简体   繁体   中英

unique elements in a haskell list

okay, this is probably going to be in the prelude, but: is there a standard library function for finding the unique elements in a list? my (re)implementation, for clarification, is:

has :: (Eq a) => [a] -> a -> Bool
has [] _ = False
has (x:xs) a
  | x == a    = True
  | otherwise = has xs a

unique :: (Eq a) => [a] -> [a]
unique [] = []
unique (x:xs)
  | has xs x  = unique xs
  | otherwise = x : unique xs

I searched for (Eq a) => [a] -> [a] on Hoogle .

First result was nub (remove duplicate elements from a list).

Hoogle is awesome.

The nub function from Data.List (no, it's actually not in the Prelude) definitely does something like what you want, but it is not quite the same as your unique function. They both preserve the original order of the elements, but unique retains the last occurrence of each element, while nub retains the first occurrence.

You can do this to make nub act exactly like unique , if that's important (though I have a feeling it's not):

unique = reverse . nub . reverse

Also, nub is only good for small lists. Its complexity is quadratic, so it starts to get slow if your list can contain hundreds of elements.
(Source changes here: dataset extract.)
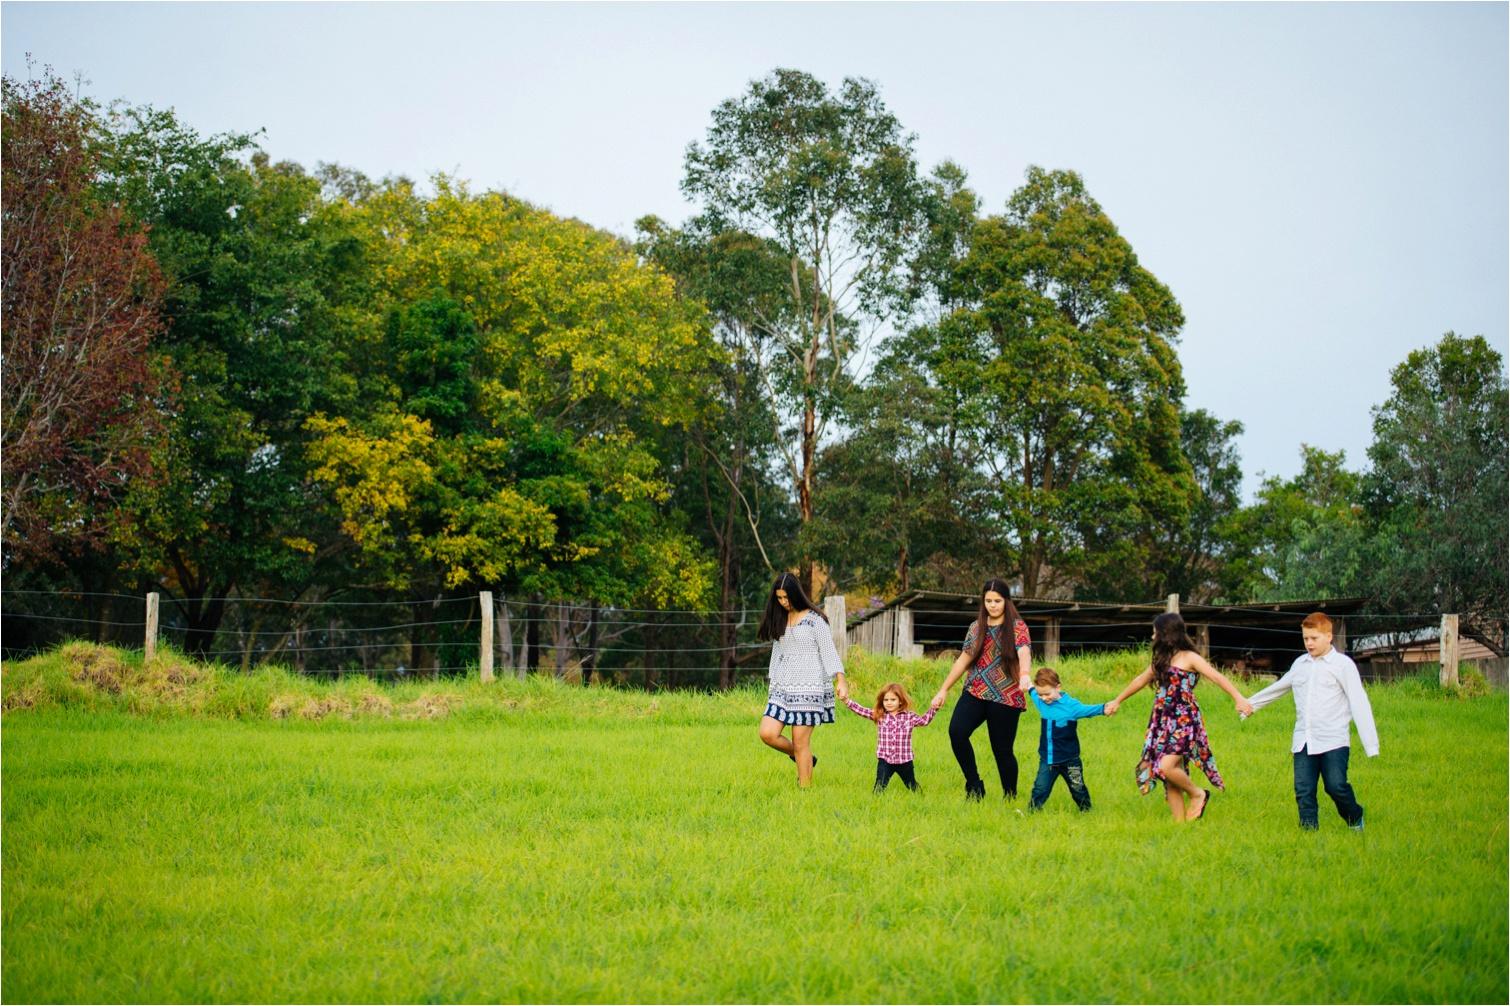 park-family-photos_gold-coast-17.jpg

If you limit your types to types having an Ord instance, you can make it scale better. This variation on nub still preserves the order of the list elements, but its complexity is O(n * log n) :

import qualified Data.Set as Set

nubOrd :: Ord a => [a] -> [a] 
nubOrd xs = go Set.empty xs where
  go s (x:xs)
   | x `Set.member` s = go s xs
   | otherwise        = x : go (Set.insert x s) xs
  go _ _              = []

In fact, it has been proposed to add nubOrd to Data.Set .
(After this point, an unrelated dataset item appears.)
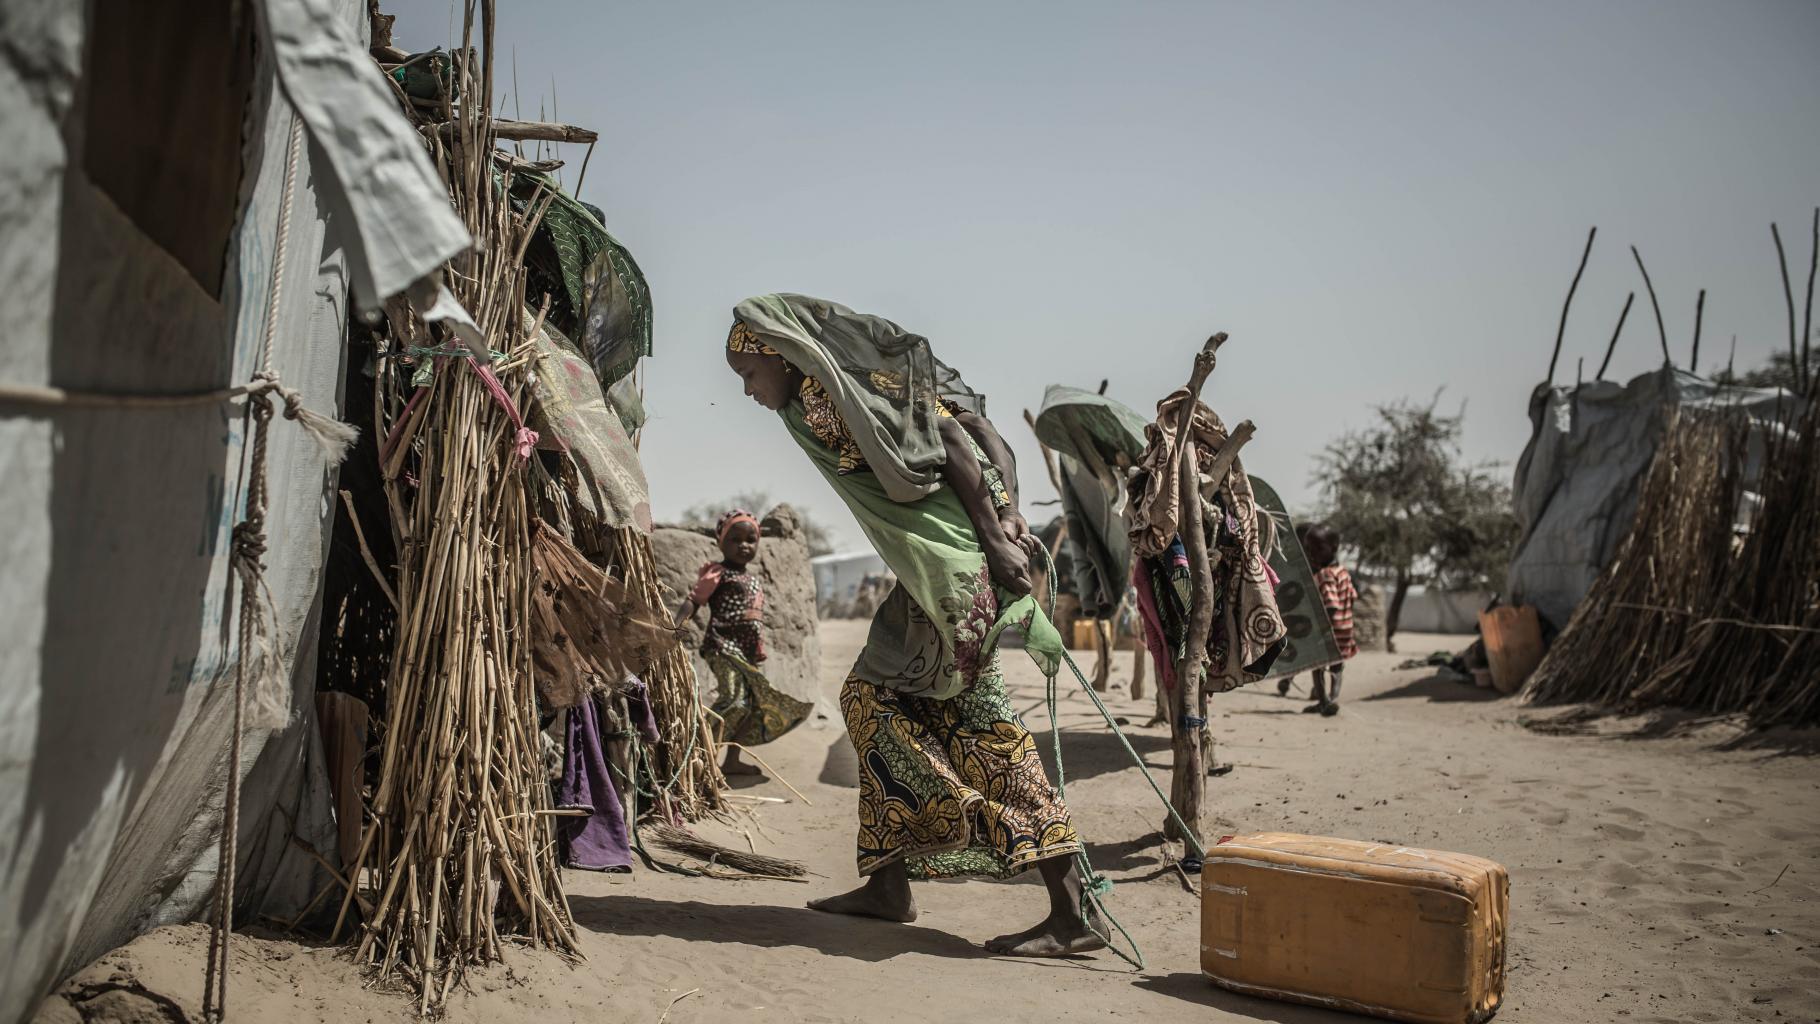 Eine Frau zieht einen Wasserkanister an einem Strick hinter sich durch den Sand in ein Zelt.

import Data.Set (toList, fromList)
uniquify lst = toList $ fromList lst

I think that unique should return a list of elements that only appear once in the original list; that is, any elements of the orginal list that appear more than once should not be included in the result.

May I suggest an alternative definition, unique_alt:

    unique_alt :: [Int] -> [Int]
    unique_alt [] = []
    unique_alt (x:xs)
        | elem x ( unique_alt xs ) = [ y | y <- ( unique_alt xs ), y /= x ]
        | otherwise                = x : ( unique_alt xs )

Here are some examples that highlight the differences between unique_alt and unqiue:

    unique     [1,2,1]          = [2,1]
    unique_alt [1,2,1]          = [2]

    unique     [1,2,1,2]        = [1,2]
    unique_alt [1,2,1,2]        = []

    unique     [4,2,1,3,2,3]    = [4,1,2,3]
    unique_alt [4,2,1,3,2,3]    = [4,1]

I think this would do it.

unique [] = []
unique (x:xs) = x:unique (filter ((/=) x) xs)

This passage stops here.